Why: Familiarity with marking whole numbers on a number line is essential for understanding how to divide it into equal parts for fractions.
Key Vocabulary
| Unit Fraction | A fraction where the numerator is 1, representing one equal part of a whole. Examples include 1/2, 1/3, or 1/4. |
| Non-unit Fraction | A fraction where the numerator is greater than 1, representing multiple equal parts of a whole. Examples include 2/3, 3/4, or 5/6. |
| Denominator | The bottom number in a fraction, which tells us how many equal parts the whole is divided into. |
| Numerator | The top number in a fraction, which tells us how many of those equal parts we have or are considering. |
| Equal Segments | Parts of a whole or a line that are exactly the same size or length. |
Watch Out for These Misconceptions
Common MisconceptionFractions with the same numerator are the same size.
What to Teach Instead
Students often think one-half equals one-third because both start with 'one'. Number line activities show one-half midway and one-third closer to zero.

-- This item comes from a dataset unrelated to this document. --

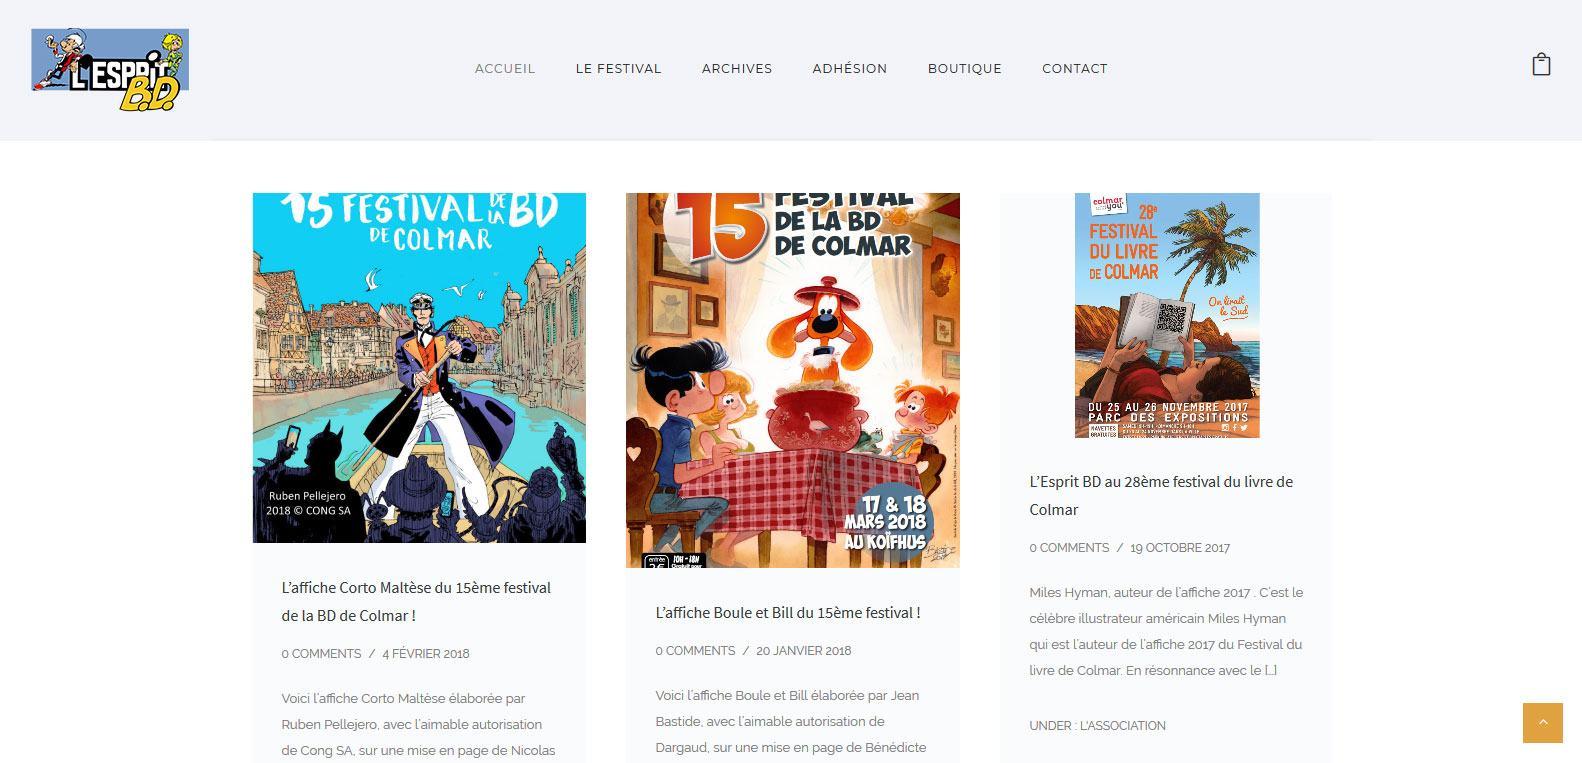 Les bds à l'affiche du 15ème festival d'esprit bd. Client Karedess, agence web à Mulhouse

Pair marking and comparing distances visually corrects this through shared measurement and talk.
Common MisconceptionTwo-quarters is bigger than one-half because 2 is more than 1.
What to Teach Instead
Children ignore denominators initially. Group string lines demonstrate overlap when marking both. Collaborative justification helps them see equal parts matter, building equivalence via hands-on equivalence proofs.
Common MisconceptionFractions get smaller as they approach 1.
What to Teach Instead
Some reverse the direction. Whole-class predictions with reveals and relays clarify progression from 0. Peer voting on positions reinforces left-to-right increase through collective correction.
Active Learning Ideas
See all activitiesPairs: Floor Number Line Jumps
Draw a large number line from 0 to 1 on the floor with chalk, divided into 2, 3, 4, or 6 parts. Pairs take turns as caller and jumper: the caller names a fraction like one-third, the jumper lands on it and explains the position. Switch roles after five turns, then discuss matches like two-quarters and one-half.
Small Groups: String Fraction Line
Stretch string across two chairs as a 0-1 number line, mark equal intervals with tape for denominators up to 6. Each group sorts printed fraction cards by placing clothes pegs at positions, estimates first then measures precisely. Groups share one equivalence they found.
Whole Class: Prediction Relay
Project an empty number line divided into sixths. Students write predicted positions for fractions like five-sixths on mini whiteboards, hold up answers. Teacher reveals correct spot, teams discuss why. Repeat for three fractions, noting closest to 1.
Individual: Custom Fraction Lines
Provide templates with 0-1 lines divided into 2, 3, 4, or 5 parts. Students mark unit and non-unit fractions, label positions, and draw arrows comparing pairs like one-half and three-sixths. Self-check with answer overlay.
Real-World Connections
- Construction workers use number lines to measure and mark precise lengths for building materials, ensuring walls are straight and components fit together. They might mark a point 1/4 of the way along a 10-meter beam.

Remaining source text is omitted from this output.